+++ Data for review +++

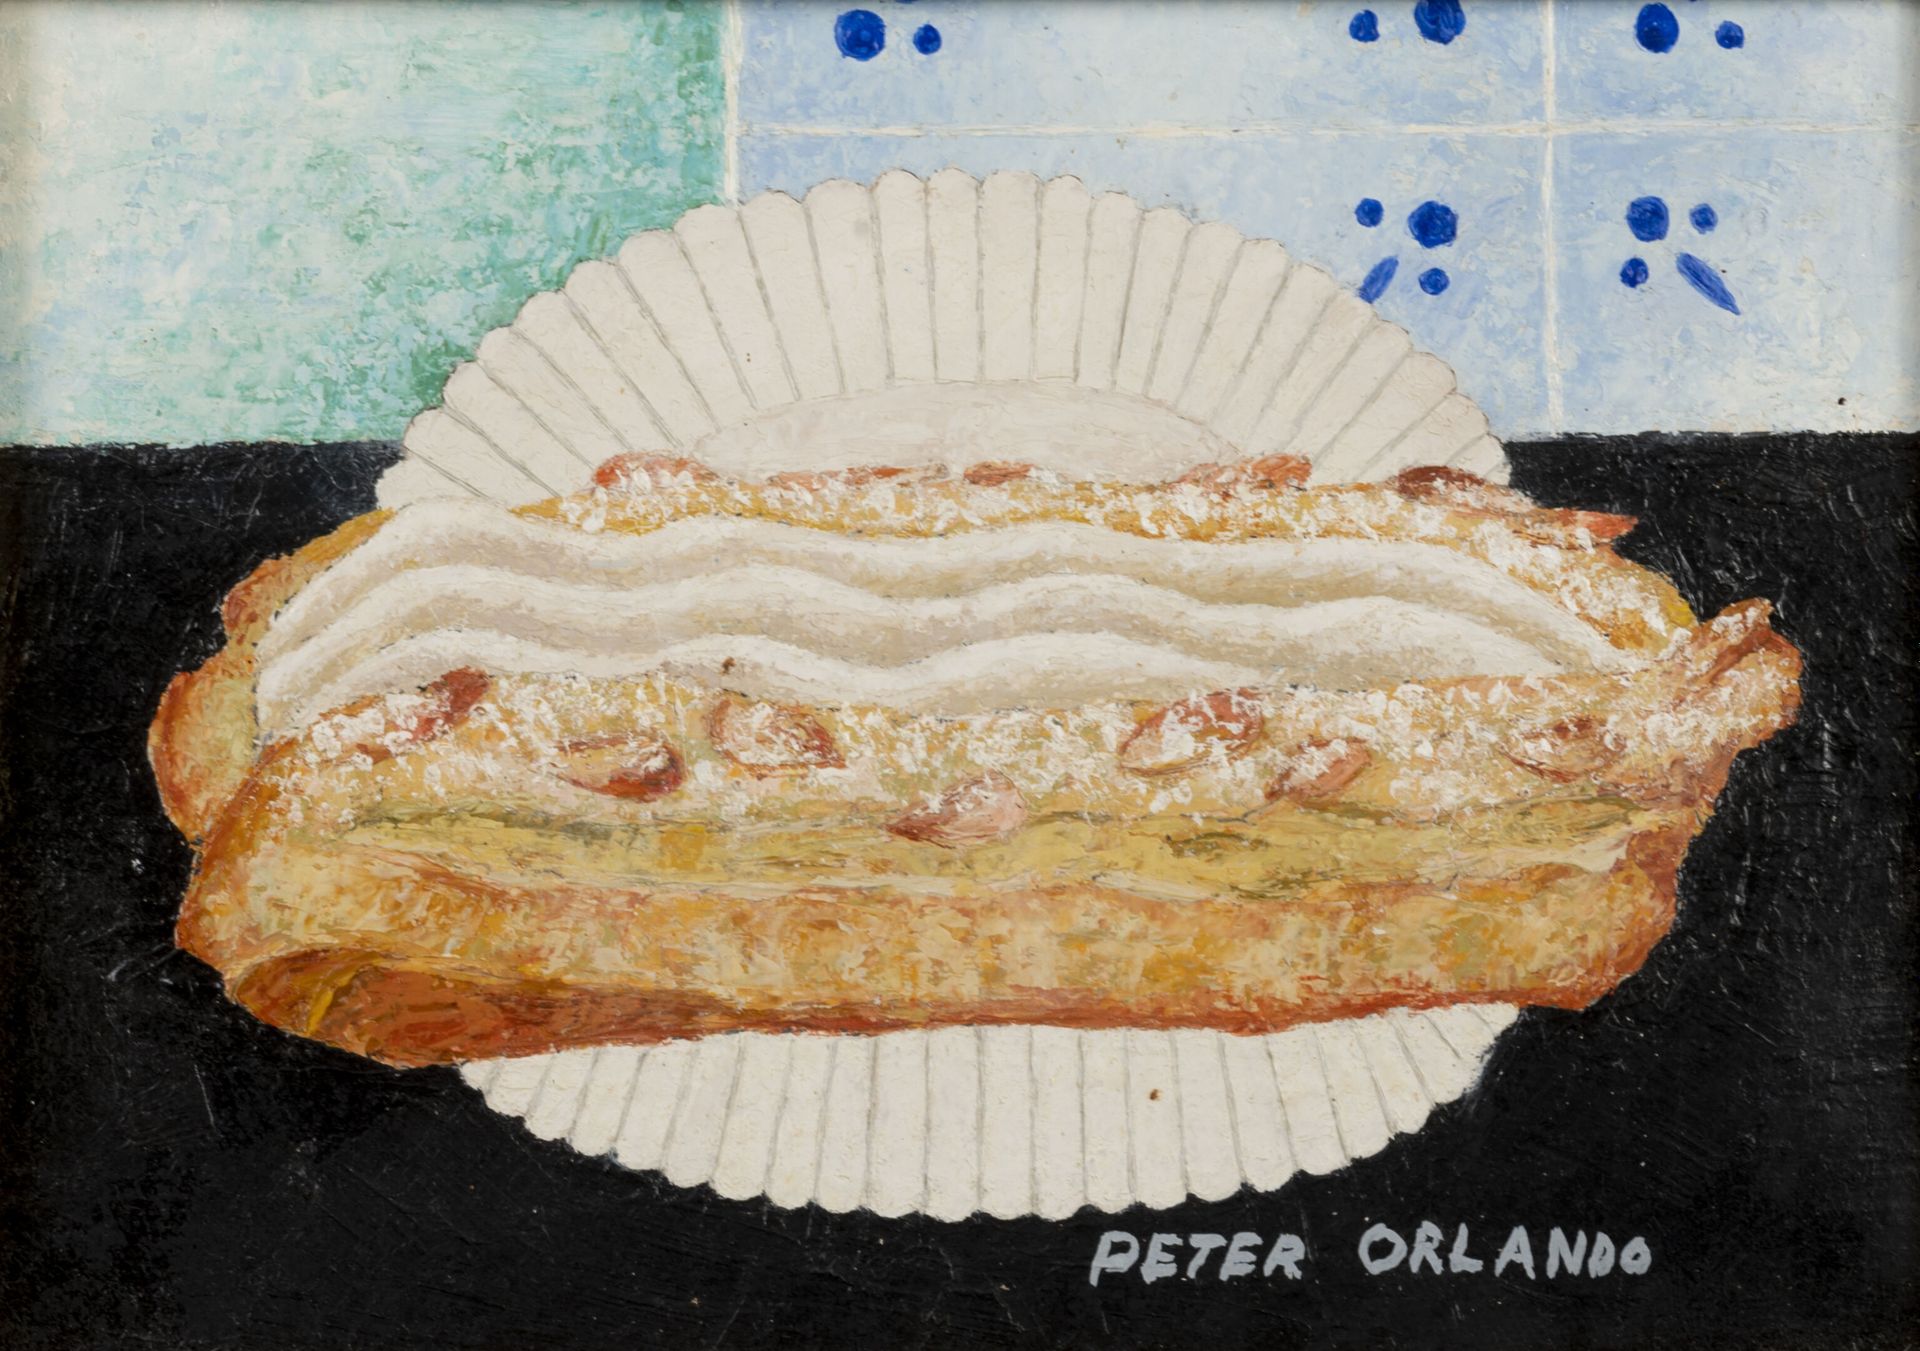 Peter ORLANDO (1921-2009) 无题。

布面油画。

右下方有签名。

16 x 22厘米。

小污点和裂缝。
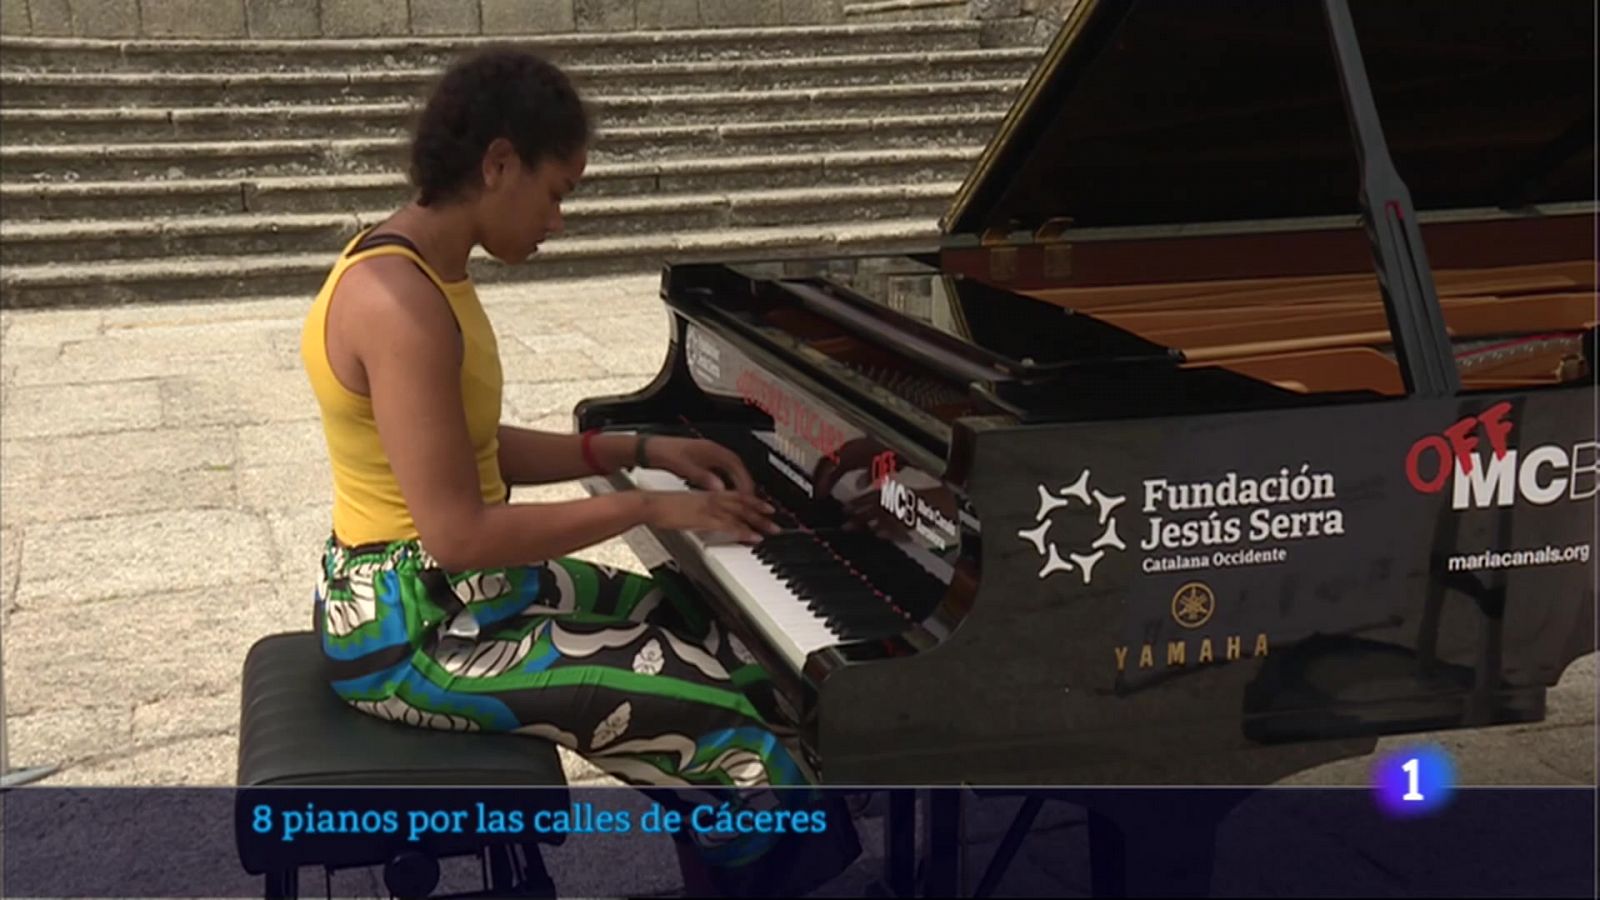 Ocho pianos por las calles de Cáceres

+++

About this exercise: Write out the material above without changing a word, and skip any picture.

Exercise result:
 Peter ORLANDO (1921-2009) 无题。

布面油画。

右下方有签名。

16 x 22厘米。

小污点和裂缝。
 Ocho pianos por las calles de Cáceres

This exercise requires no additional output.